Note: The script wrapper does not currently support the following scripts: Export, Password, or TransactionLogUtil.

Read below to understand the usage and parameters for each script to use.

Checkpoint Script

The checkpoint script allows you to manually request a checkpoint for a given service.

Checkpointing will automatically happen periodically based on the estimated replay time should the engine restart and the total amount of time since the last successful checkpoint. Automatic checkpointing cannot be disabled.

However, there are a few cases where you would want to run the checkpoint script yourself. First, if you want more control over what time of day checkpoints occur. If you only have one running instance of a given engine, the checkpointing process causes a brief disruption of service for that engine while the checkpoint completes, which can take several seconds or minutes.
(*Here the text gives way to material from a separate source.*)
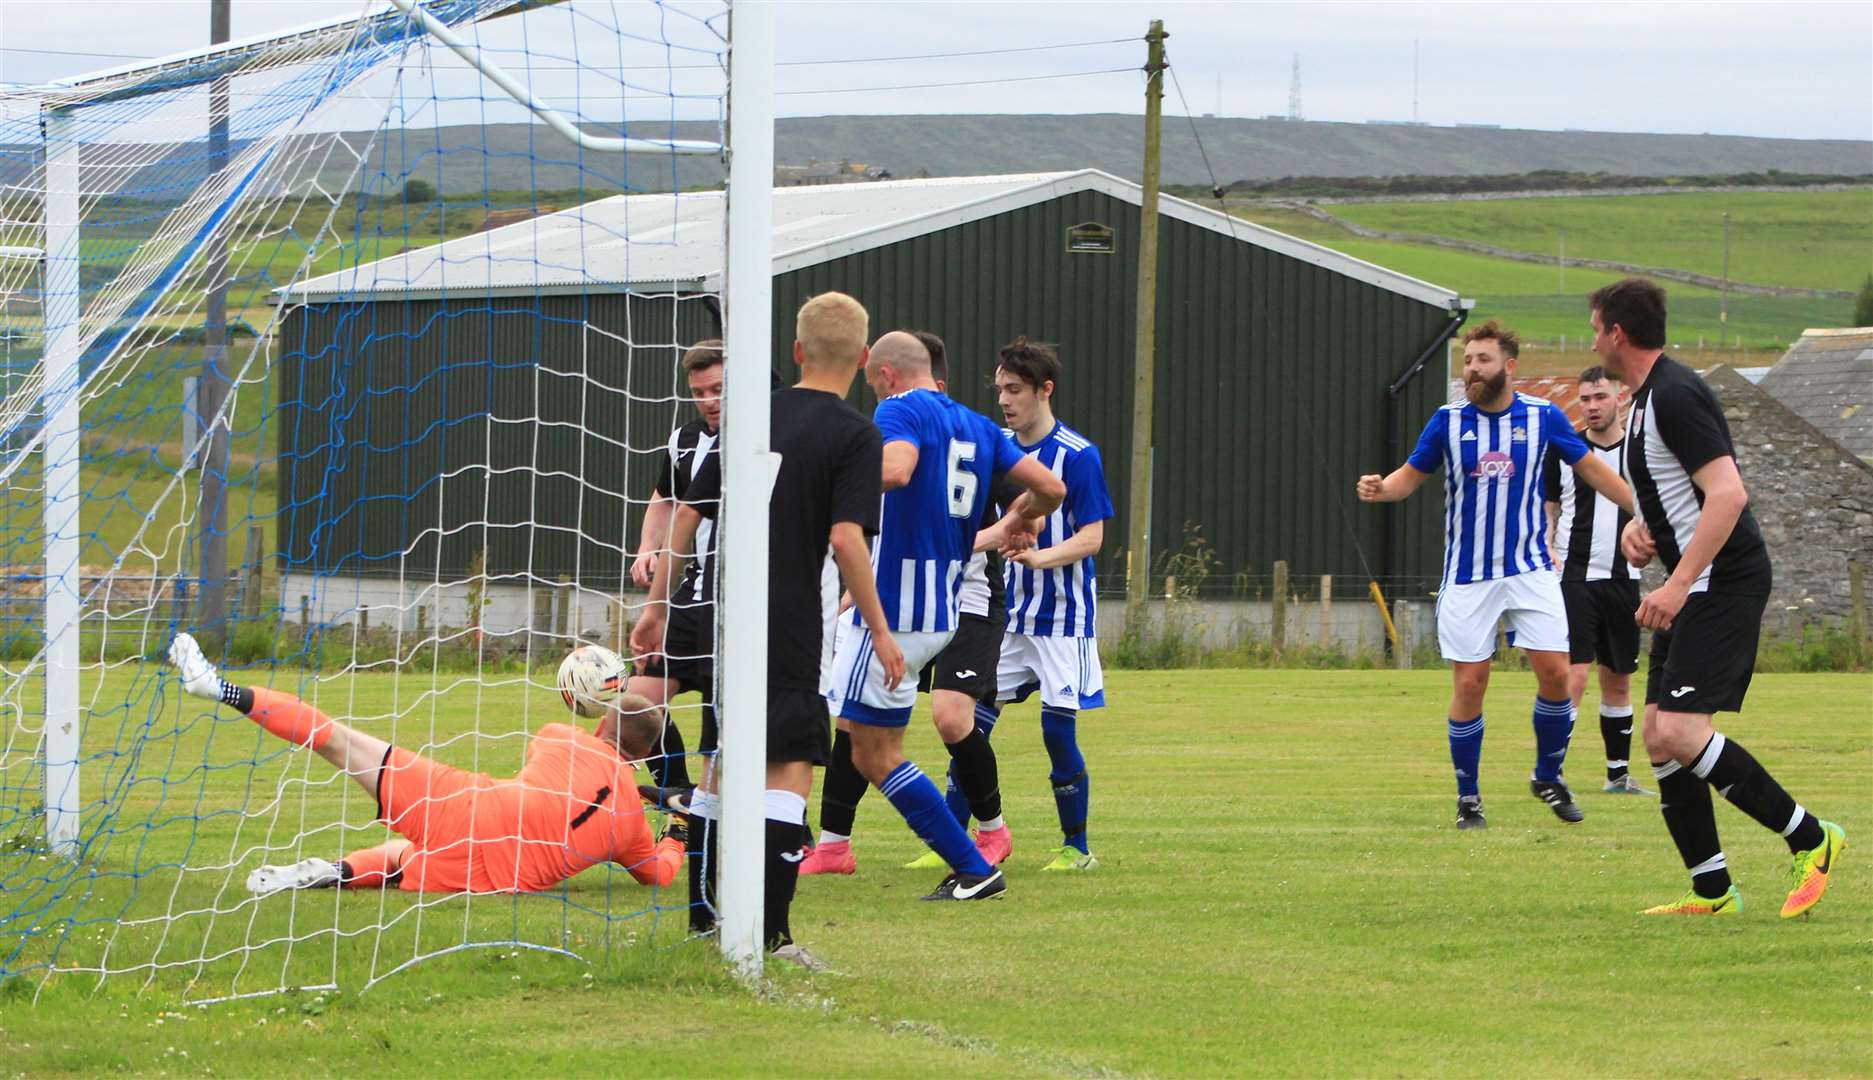 A scramble in Swifts' penalty box as Lybster try to find a way through during the first half of Tuesday's David Allan Shield match.

If you have more than one running instance of an engine, a replica instance will perform the checkpoint, leaving the engine available throughout the checkpoint process. To force checkpointing to occur outside of your peak load hours, you can run this script on a cronjob or as a Windows Scheduled Task off-hours to reset the timers that trigger the automatic checkpointing.

Second, it is sometimes necessary to re-sync the in-memory copy of an engine to the .kdb file on disk the so that other instances of the engine can start up from it rather than from the transaction log.

Location

<APPIAN_HOME>/services/bin/checkpoint.sh (.bat)

Options

Short Name	Long Name	Required	Meaning
-h	--help	No	Show usage information
-p	--password	Yes	Password for Admin REST API
-s	--services	Yes	A comma-separated list of engines to checkpoint. See below for possible values.
-w	--wait	No	Wait for the requested checkpoints to complete

Available values for the --services parameter: all, analytics00…analytics31, channels, content, download-stats, execution00…execution31, forums, groups, notifications, notifications-email, portal, process-design.

Usage

This script will only have an effect when run on the same server that hosts the primary instance of a service.

1
./checkpoint.sh -p <password> -s content
Copy

Engine Restart Script

Tip: All highly-available sites automatically restart engines during checkpointing given the proper, safe conditions to do so.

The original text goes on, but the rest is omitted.